If Enron notifies us that it desires to participate, then we cannot pursue the
joint application opportunity without the participation of Enron. If Enron
elects not to participate, then we are free to pursue independently the
telecommunications portion of the joint application opportunity without the
participation of Enron, but we cannot pursue the joint application opportunity
with any other person (except for provision of the telecommunications portion
thereof on a subcontract basis only), and Enron is free to pursue the joint
application opportunity (including the utility applications and/or the
telecommunications applications) on its own or with any party other than
FirstWorld. This agreement was terminated with respect to Enron in connection
with the closing of Enron's sale of its Series A and Series B common stock to
Texas Pacific Group.

  Securityholders Agreement. The Sturm Entities and Enron entered into a
securityholders agreement, to which FirstWorld is also a party, in connection
with the closing of the December 1997 equity investment. This contains
agreements among the Sturm Entities and Enron with respect to the designation,
election, removal and replacement of the members of the board other than those
elected by the holders of our Series B common stock. It also contains
agreements among the Sturm Entities and Enron (a) providing for rights of
first offer with respect to certain proposed transfers of common stock or
warrants of FirstWorld by any of the Sturm Entities or Enron, (b) providing
for rights to purchase the common stock and warrants held by a party to the
securityholders agreement, other than FirstWorld, that experiences a change of
control or other triggering event and (c) providing for rights to participate
in certain proposed dispositions of common stock or warrants by any of the
Sturm

                                      33
<PAGE>

Entities or Enron. In connection with the Sturm equity investment agreement,
the Securityholders Agreement was amended to add Spectra 4 as a Holder and a
member of the Sturm Group as those terms are defined under that agreement.
This agreement was terminated in connection with Enron's sale of its Series A
and Series B common stock to Texas Pacific Group.

  Transaction Fees and Expenses. We paid Spectra 3 and Enron a transaction fee
equal to six percent of the gross amount invested by them in the December 1997
equity investment and the additional $20 million in April 1998--$1.5 million
for each of Spectra 3 and Enron. In addition, FirstWorld reimbursed all
reasonable costs and expenses of the Sturm Entities and Enron incurred in
connection with the stock purchase agreement, up to a maximum of $50,000 for
the Sturm Entities and $50,000 for Enron, plus the $90,000 of required filing
fees under the Hart-Scott-Rodino Act.

  Management Services Agreements. FirstWorld entered into separate management
consulting services agreements with each of Enron and Corporate Managers, LLC,
a Colorado limited liability company which is an affiliate of the Sturm
Entities.

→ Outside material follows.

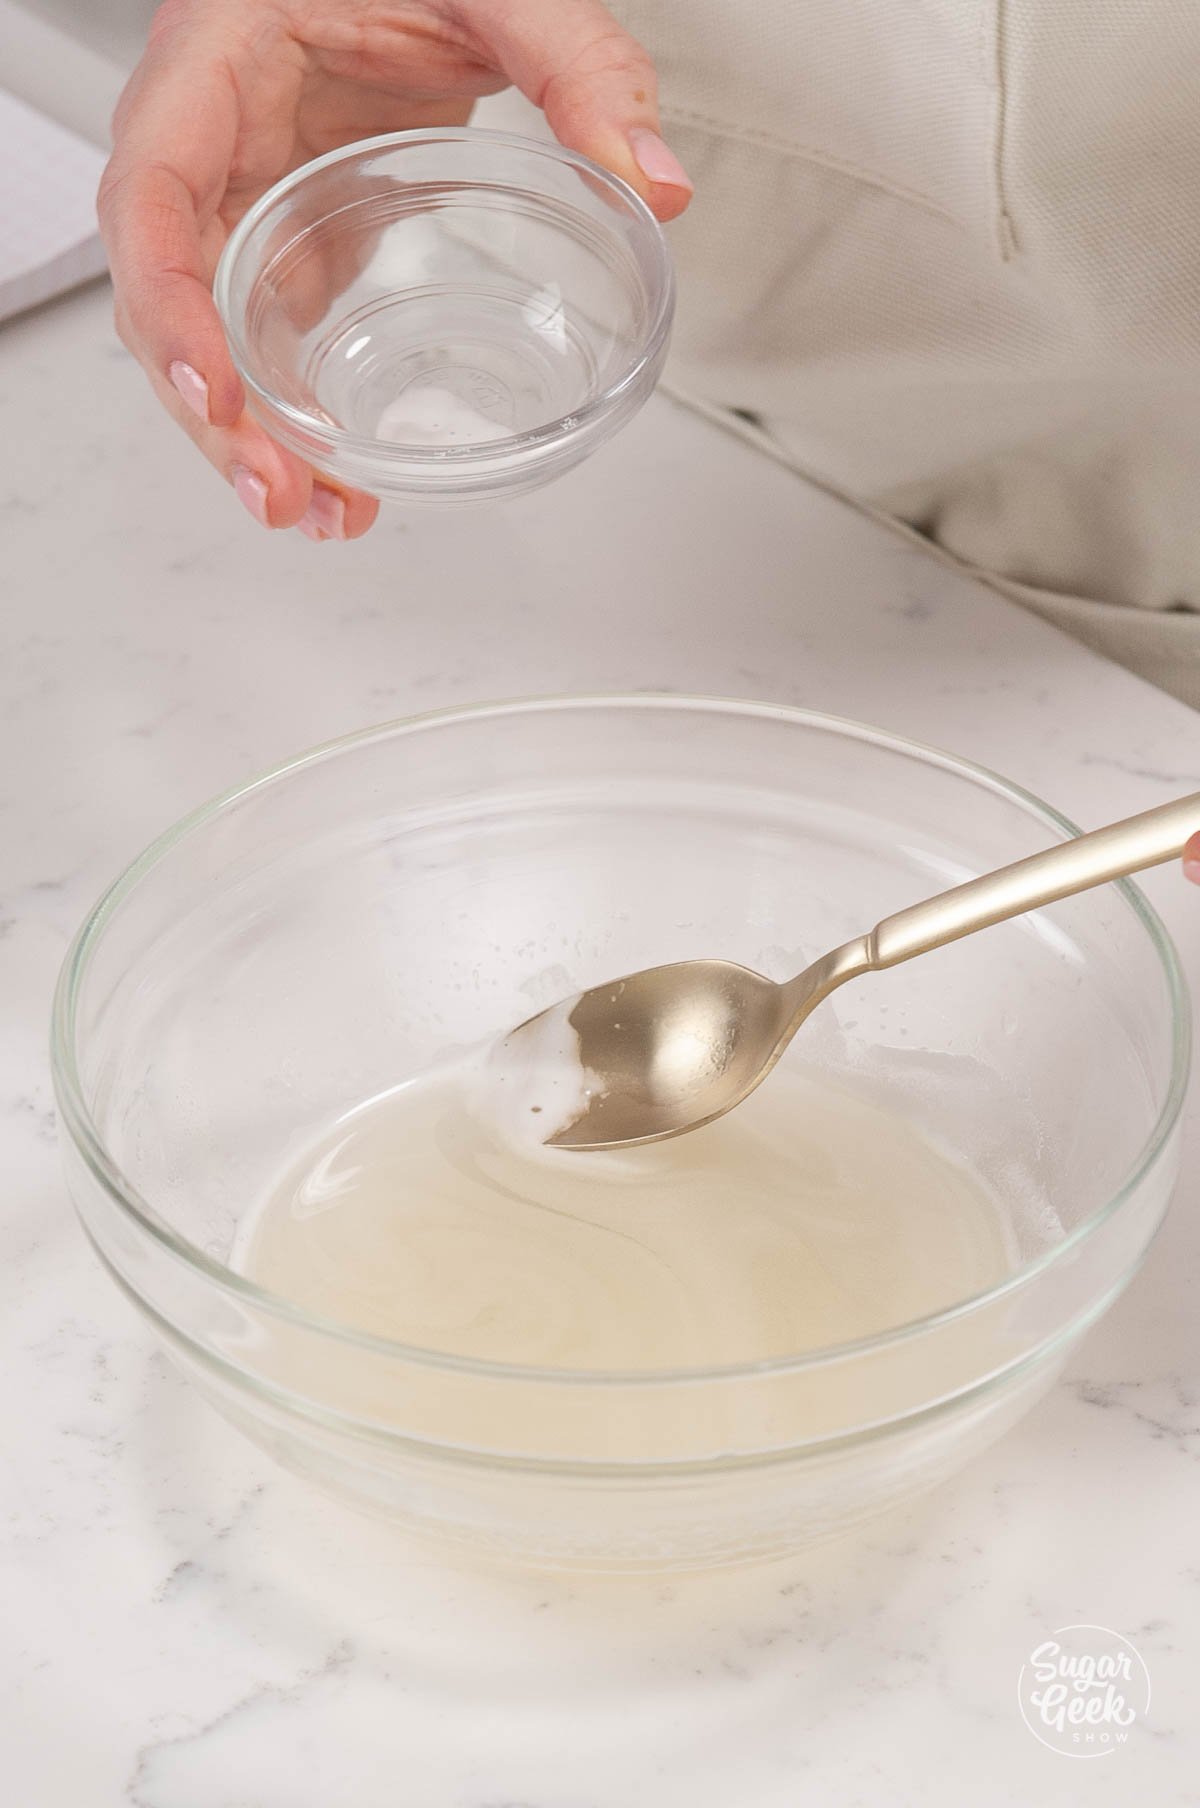 margarita gelatin melted in a clear bowl with a spoon
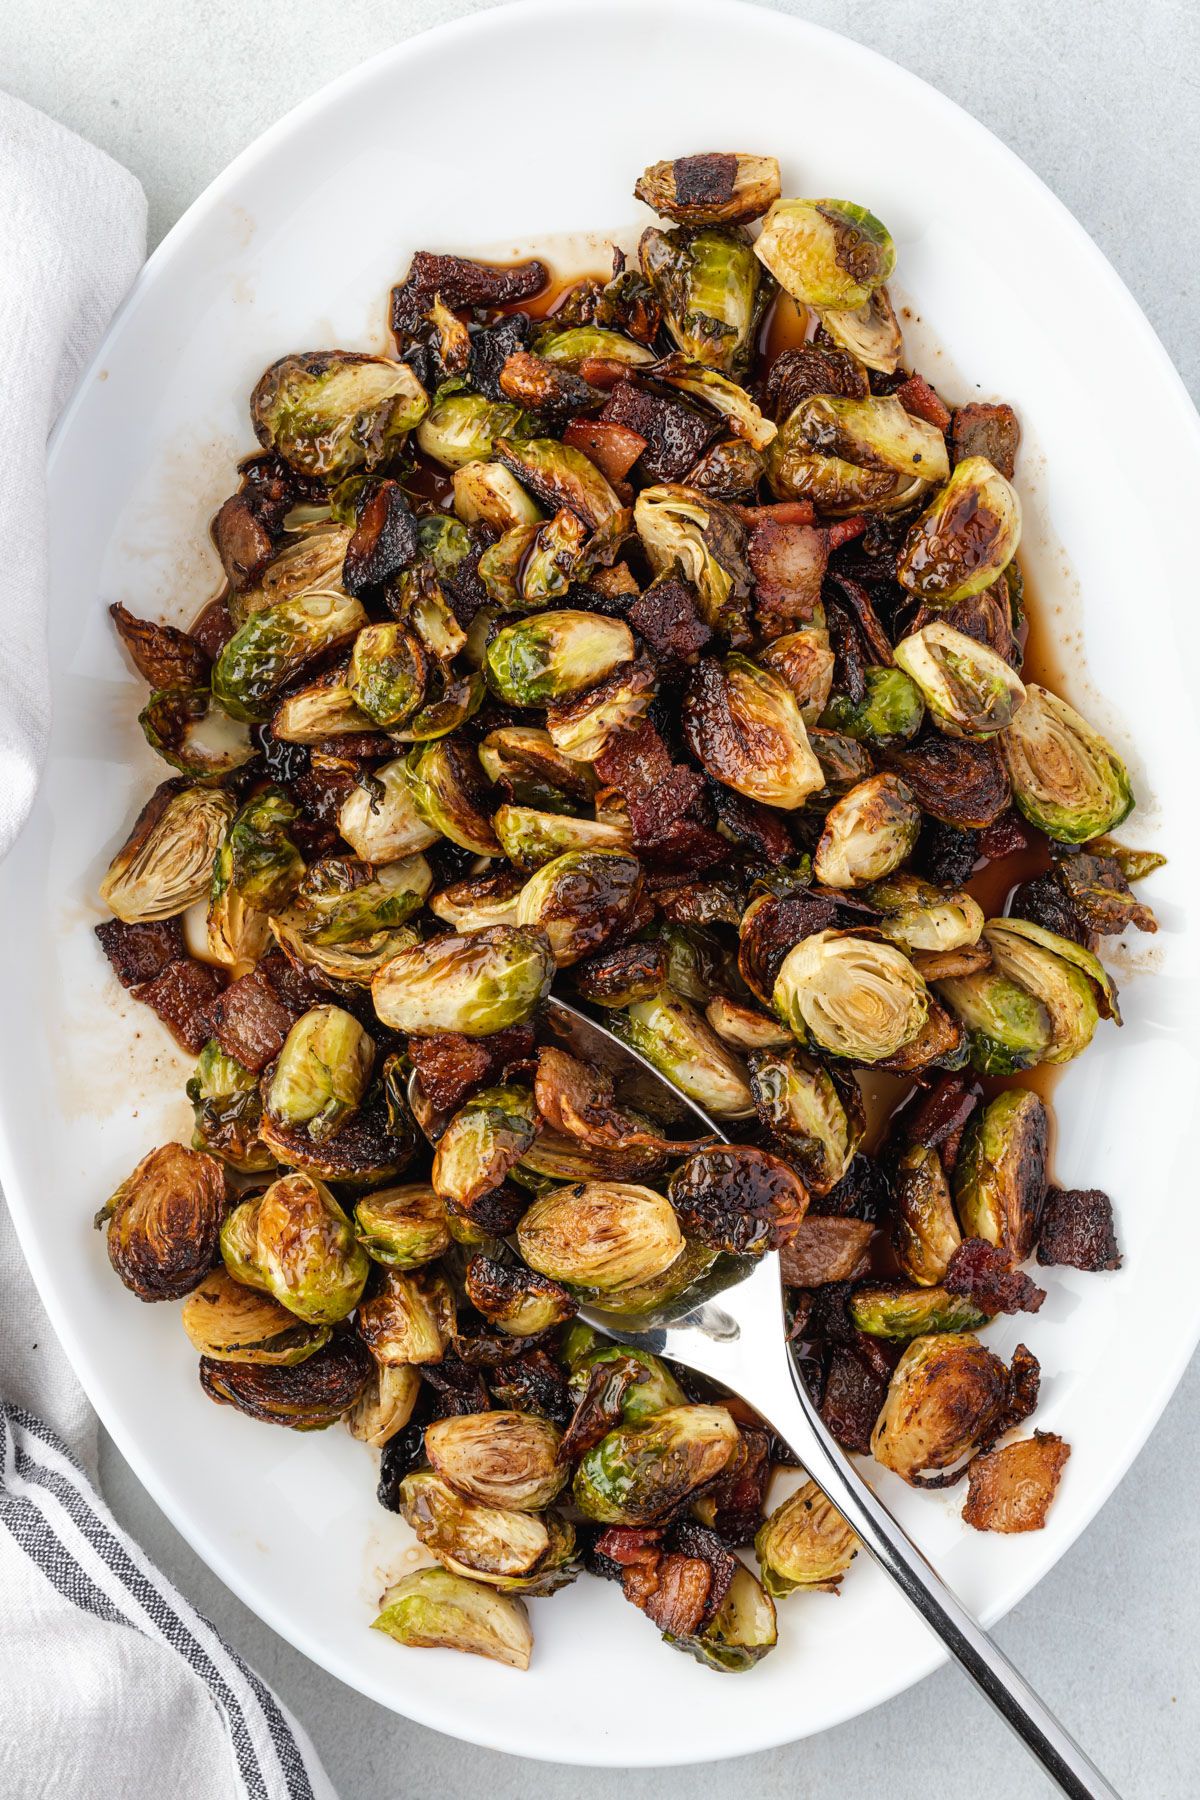 Overhead of the brussels sprouts tossed in maple balsamic sauce and on a platter.

Pursuant to this agreement, Enron and Corporate Managers will
provide management services to FirstWorld for three years following the
closing of the 1997 equity investment in exchange for an annual management
fee. Both management consulting services agreements initially provided for
annual management fees of $500,000 plus out of pocket expenses. The Company
amended the management consulting services agreement with Corporate Managers
in March 1998 to provide for an annual management fee of $620,000 plus out of
pocket expenses because Mr. Sturm had taken a more active management role with
FirstWorld than originally anticipated. On October 1, 1998, FirstWorld further
amended that management consulting services agreement to reduce the
compensation payable to Corporate Managers thereunder to $500,000 per year.
This reduction was intended to reflect the reduced role Mr. Sturm was expected
to take effective with the retention of Mr. Ohringer as FirstWorld's new Chief
Executive Officer and President. Corporate Managers and Enron each has the
right in its discretion to terminate its management consulting services
agreement with FirstWorld. Enron terminated its management services agreement
upon its sale of Series A and Series B common stock to Texas Pacific Group.

Network Equipment Sale

  In November 1999 the Company agreed to sell approximately $3.4 million worth
of network equipment to Enron Leasing, an affiliate of Enron.

Sturm Equity Investment Agreement

  On December 2, 1999, the Company entered into an Equity Investment Agreement
with Colorado Spectra 4, LLC, an affiliate of the Sturm Entities, for a $50.0
million equity commitment. The Agreement allowed us to require that Spectra 4
purchase up $50.0 million of Series B common stock priced at $7.50 per share.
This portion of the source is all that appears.